WO1989008749A1 - Pressure intensifier reservoir for toilet quick-flush valves - Google Patents

Abstract

The invention relates to a pressure intensifier reservoir for toilet quick-flush valves wherein a closed tank connected to the water main supply and containing an air buffer is connected to the quick-flush valve and to the toilet bowl via a pipe whose cross-section is greater than that of the water main pipe, wherein the reservoir (1) is provided with a partition layer (6) between the air buffer and at least a part of the surface of the water being in the reservoir (1), said layer (6) being of a material of smaller specific weight than that of the water. The partition layer (6) may be a disk or made of grains, pieces, granulate etc. The reservoir may be connected to several quick-pressure valves (10) or toilet bowls, via flush pipe (3).

Description

PRESSURE INTENSIFIER RESERVOIR FOR TOILET QUICK-FLUSH VALVES

The present invention relates to a pressure intensifier reservoir for toilet quick-flush valves wherein a closed tank connected to the water main supply and containing an air buffer is connected to the quick flush valve and to the toilet bowl via a pipe whose cross-section is greater than that of the city service small pipe line.

Two main ways of flushing toilet bowls are known. One of them is applying a service box, wherein the pressure of the flushing water is independent from the pressure of the water supply system. The characteristics of that system is that a separate tank is filled up with water from the water supply system, and upon flushing the water in the tank is let into the toilet bowl. The pressure of the water in the tank depends on the arrangement of the tank, it is generally lower than that of the water supply system. At the same time, the water discharge of the tank is greater than that of the water supply system, that is the height energy is compensated by the kinetic energy.

There are many constructions known for filling up the tank, opening and shutting off the water supply system and for pre\enting the overflow. The structural elements, however, break down easily, so far no construction has been made which would safely function in the long term.

The other way of flushing is considerably simpler than applying a service box. By quick-flushing there is no separate tank, the flushing water is let into the toilet bowl directly from the water supply system.

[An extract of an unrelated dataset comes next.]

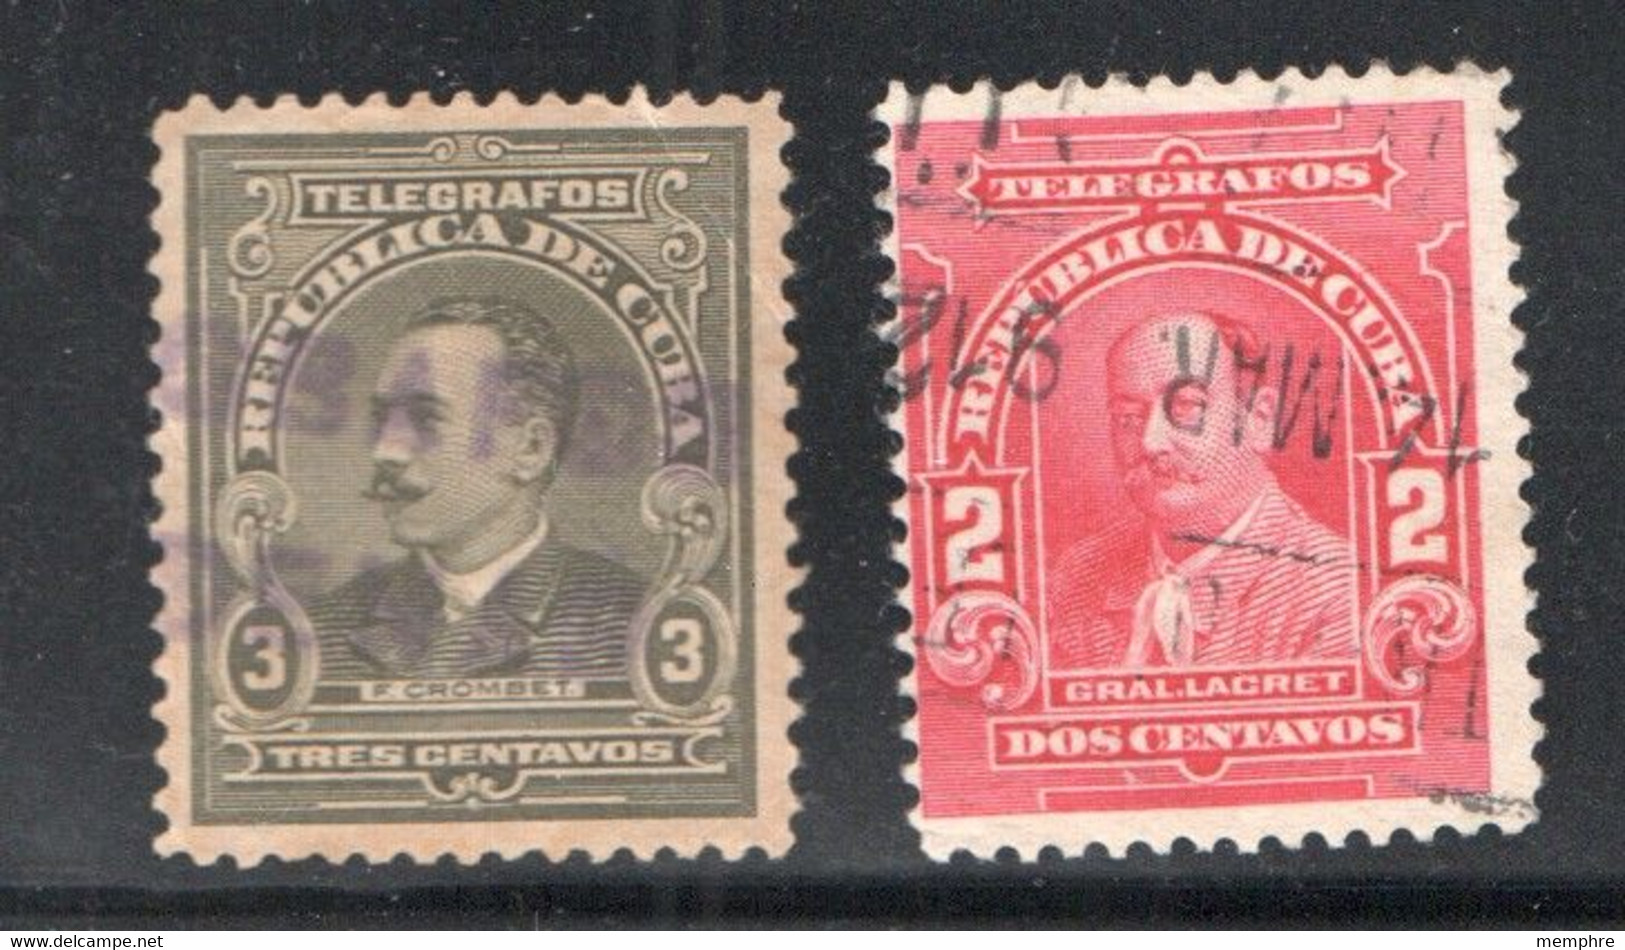 Telegraph Stamps Ed 87, 93 Used - Telegrafo

Consequently, the water consumption is about 40 % of a service box. The system consists only of a valve fitted into the pipe connected with the toilet bowl, which is manually operated delayed action valve, the service costs of which are about 10 % of that of a service box.

These constructions are extremely simple and cheap, however, their drawback is that the water discharge used for flushing is relatively low, because of the small cross-section (generally 1/2" or smaller) of the city service pipe line. Consequently, it can not produce adequate kinetic energy, as its nominal cross-section is generally 3/4" or greater. Their use is especially adverse in areas having low water pressure, for instance on the upper floors of buildings situated on flat districts of a town.

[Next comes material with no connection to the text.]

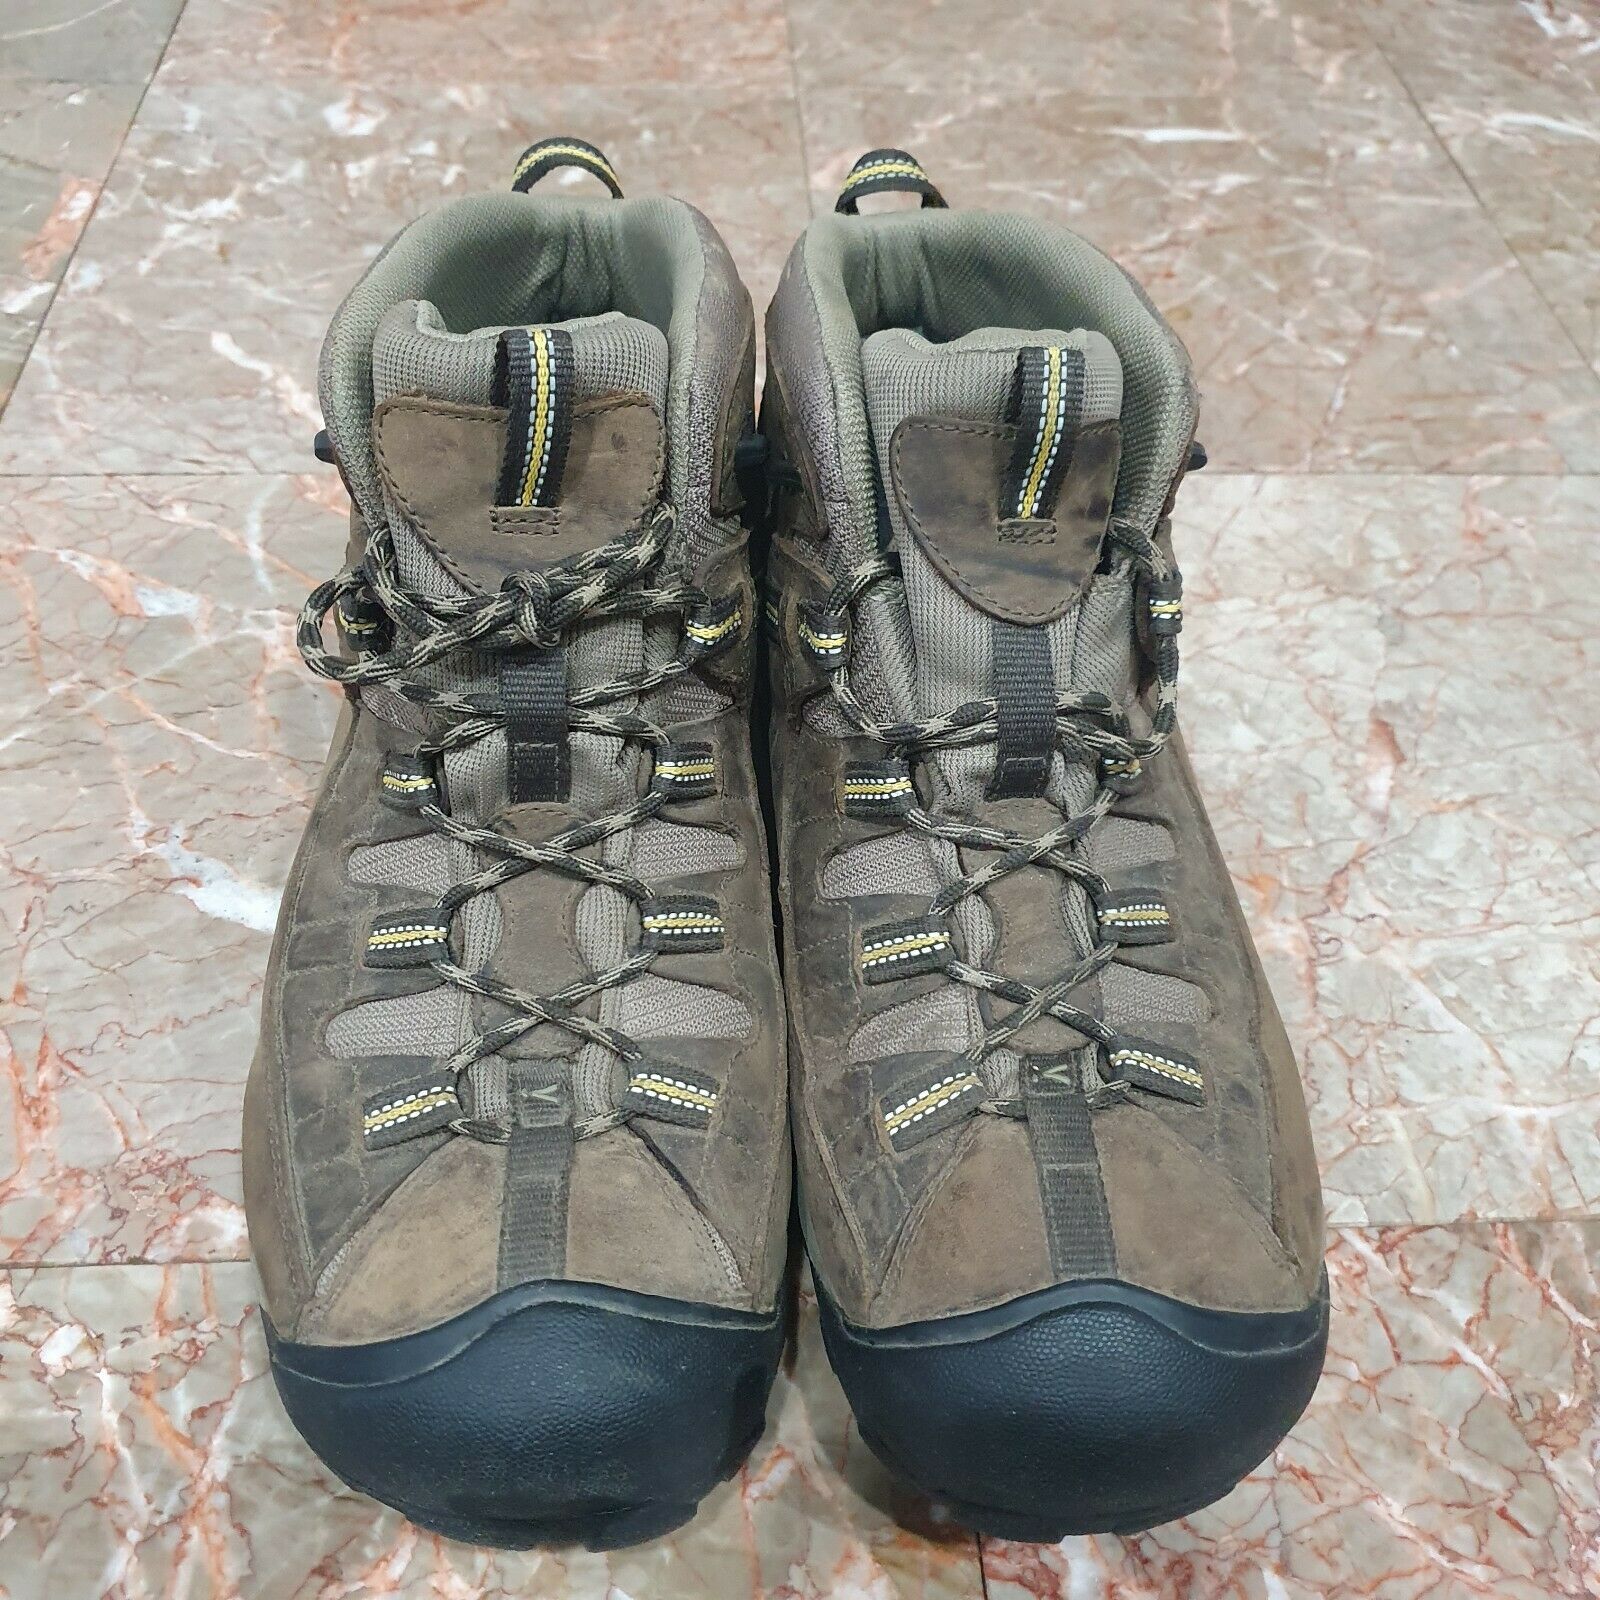 Keen Targhee II Mid Waterproof Hiking Boots Black Olive/Yellow Men’s Size 14

In view of above it is apparent that some of the known flushing methods produce adequate kinetic energy, the service boxes, however, are complicated and break down easily, while in case of others - though their construction is simple - no adequate kinetic energy can be produced.

For elimination of the described problems, the water tank according to the FR-PS 2 122 069 is applicable, although it was not designed primarily for the purpose of toilet flushing apparatus. This water tank is actually a pressure, tank provided with three connecting pipes. The water is conducted through one of the pipes into the lower part of the pressure tank, while another pipe extending from above into the tank provides the air supply. The outflowing water is drained from the bottom of the tank by a further pi pe .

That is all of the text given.